The `survey` package was created by Thomas Lumley, a professor from Auckland. The srvyr package is a wrapper packages that allows us to use survey functions with `tidyverse`.

Why do we need to add weights to the data when we analyse surveys?

When we import our survey data file, R will assume the data are independent of each other and will analyse this survey data as if it were collected using simple random sampling.

However, the reality is that almost no surveys use a simple random sample to collect data (the one exception being Iceland in ESS!)

Rather, survey institutions choose complex sampling designs to reduce the time and costs of ultimately getting responses from the public.

Their choice of sampling design can lead to different estimates and the standard errors of the sample they collect.

For example, the sampling weight may affect the sample estimate, and choice of stratification and/or clustering may mean (most likely underestimated) standard errors.

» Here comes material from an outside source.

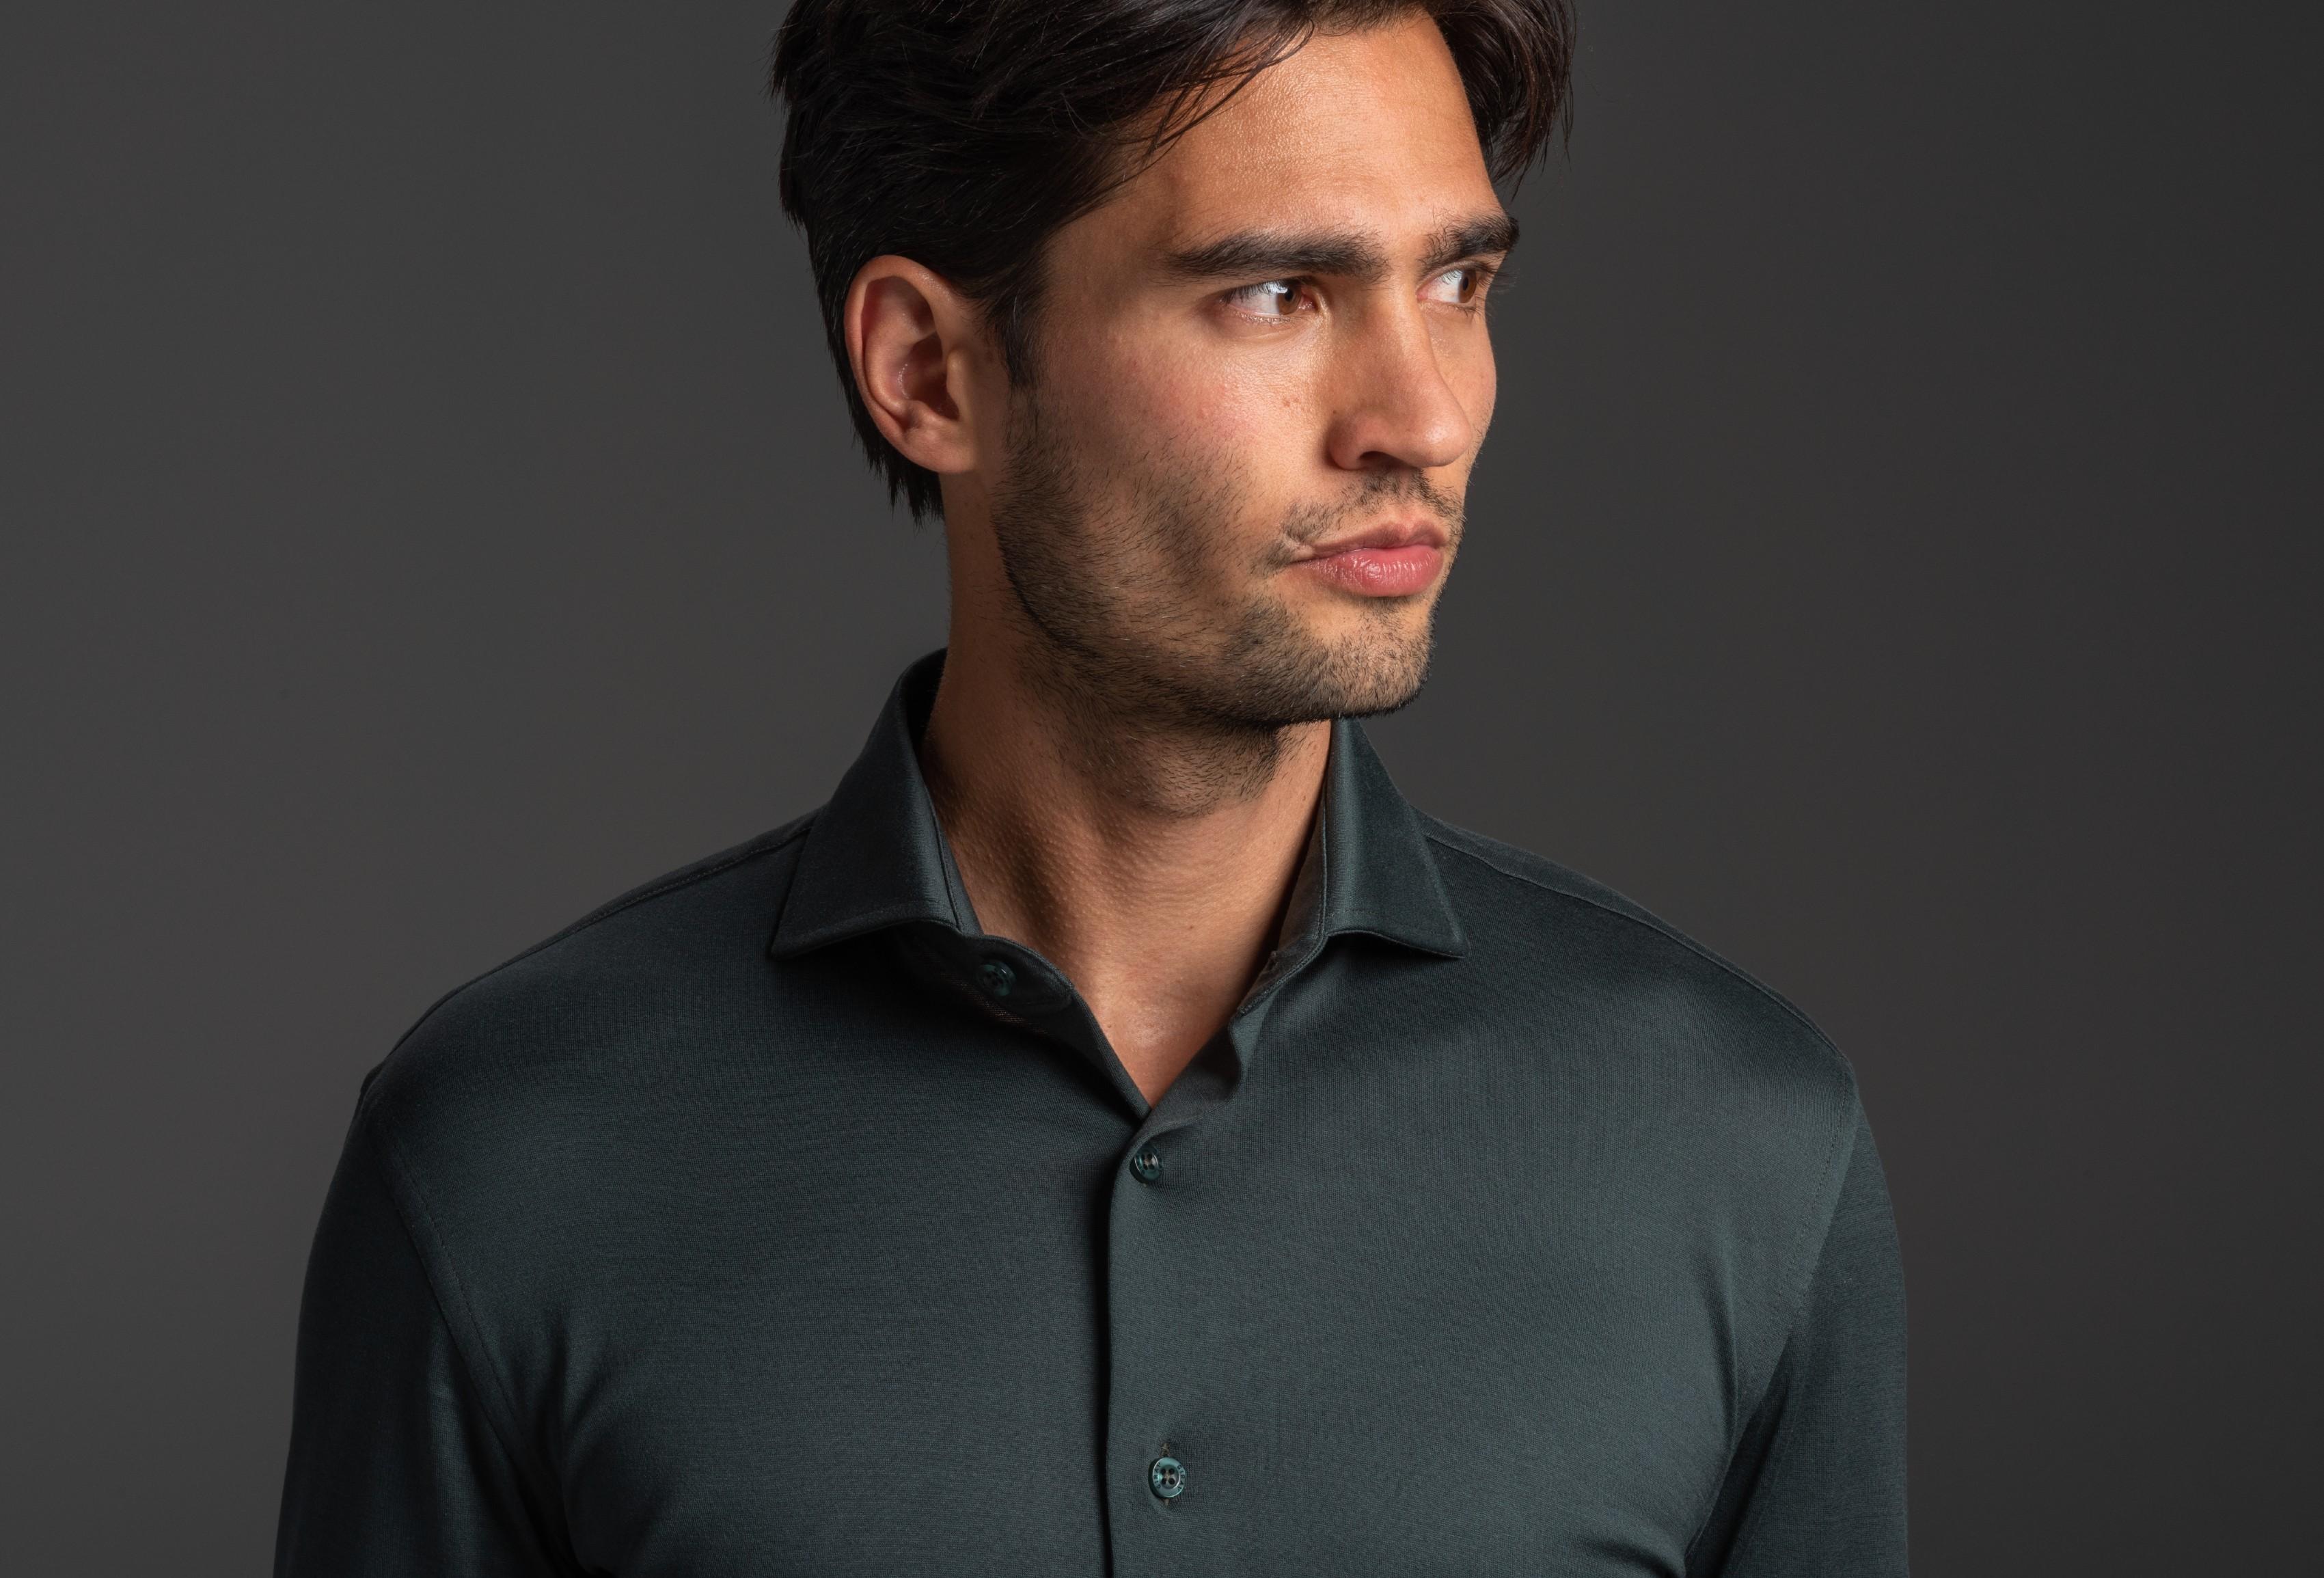 Shirt onder overhemd dragen

As a result, our analysis of the survey responses will be wrong and not representative to the population we want to understand. The most problematic result is that we would arrive at statistical significance, when in reality there is no significant relationship between our variables of interest.

Therefore it is essential we don’t skip this step of correcting to account for weighting / stratification / clustering and we can make our sample estimates and confidence intervals more reliable.

This table comes from round 8 of the ESS, carried out in 2016. Each of the 23 countries has an institution in charge of carrying out their own survey, but they must do so in a way that meets the ESS standard for scientifically sound survey design (See Table 1).

Sampling weights aim to capture and correct for the differing probabilities that a given individual will be selected and complete the ESS interview.

For example, the population of Lithuania is far smaller than the UK. So the probability of being selected to participate is higher for a random Lithuanian person than it is for a random British person.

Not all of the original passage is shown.